8. With regard to business transactions, the principle of their reflection in the reporting period in which they are actually carried out is not always observed. Especially for business transactions that are billed late.

9. Accounting for leased fixed assets, which are accounted for in RAS on off-balance accounts of the lessee, does not take into account the requirements of IFRS.

10. In the interpretation of restricted cash, a failure to comply with the IFRS requirement to account for such cash in a separate long-term asset account.

11. When carrying out transactions with securities with the terms of their repurchase - failure to comply with the requirements of IFRS for accounting for such transactions as transactions for obtaining a loan.

When using IFRS principles in the consolidation process mistakes are like that.

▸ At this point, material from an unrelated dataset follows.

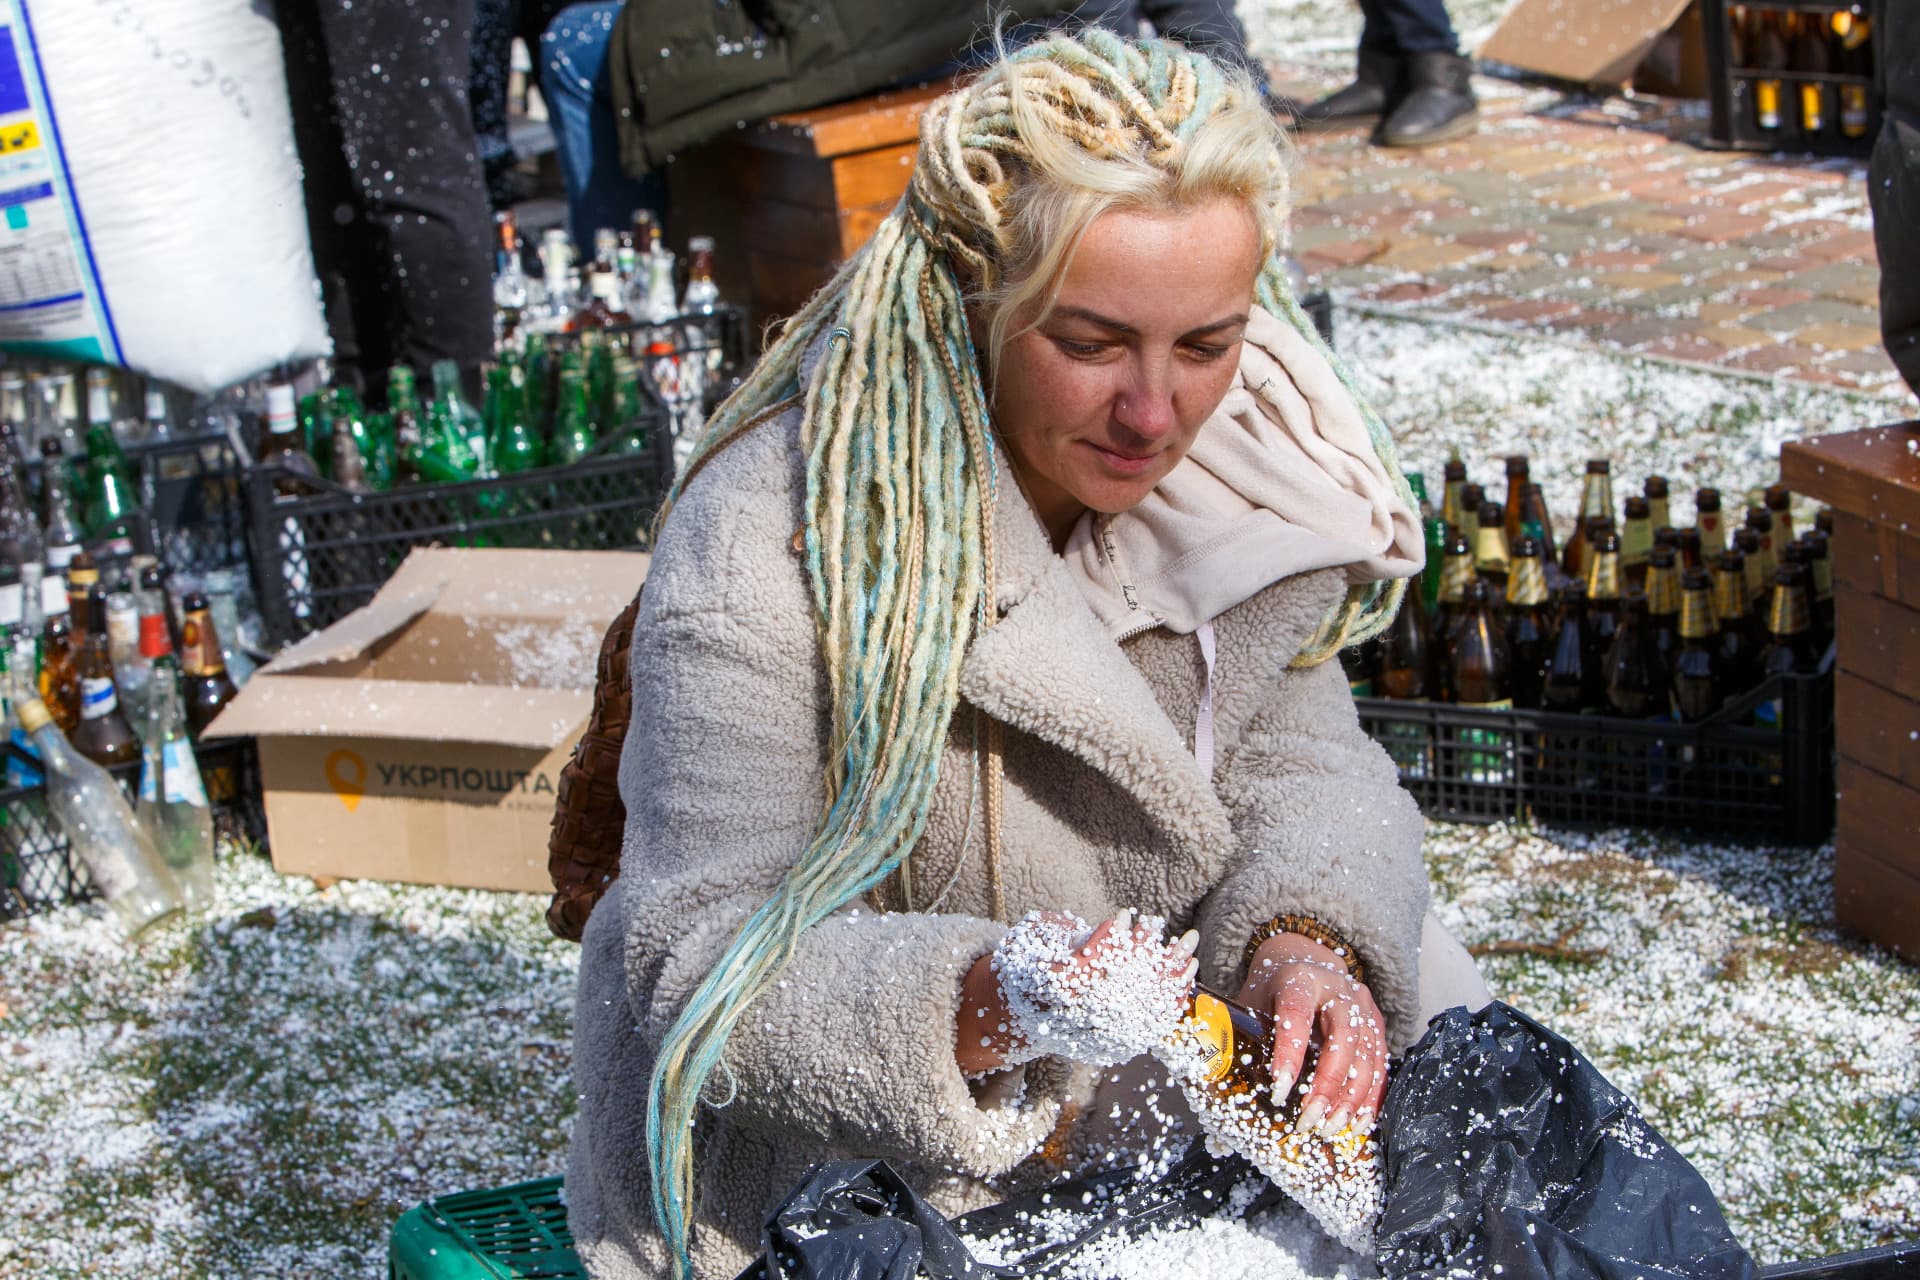 A woman adds foam plastic during an effort of making Molotov cocktails

1. Companies belonging to a group of companies do not sum up the reconciliation of balances on the accounts of intra-group settlements.

2. Arithmetic errors in item-by-item summation of the reporting of subsidiaries.

3. Errors in the process of calculating the minority interest due to changes in the equity of a subsidiary.

4. Mistakes in winding up the book value of the parent company's investments in subsidiaries and replacing it with the value of a part of the subsidiary.

5. Inaccuracies in the CFD due to errors in the automated reporting system.

6. Notes to the QFA do not disclose events after the balance sheet date.

7. The notes to the FSC do not disclose the nature of the relationship between related parties.

8. Notes to the QFA do not fully disclose information about the group of companies.

The notes to the FSC do not fully disclose information about the functional currency and the reasons for reporting in a non-functional currency.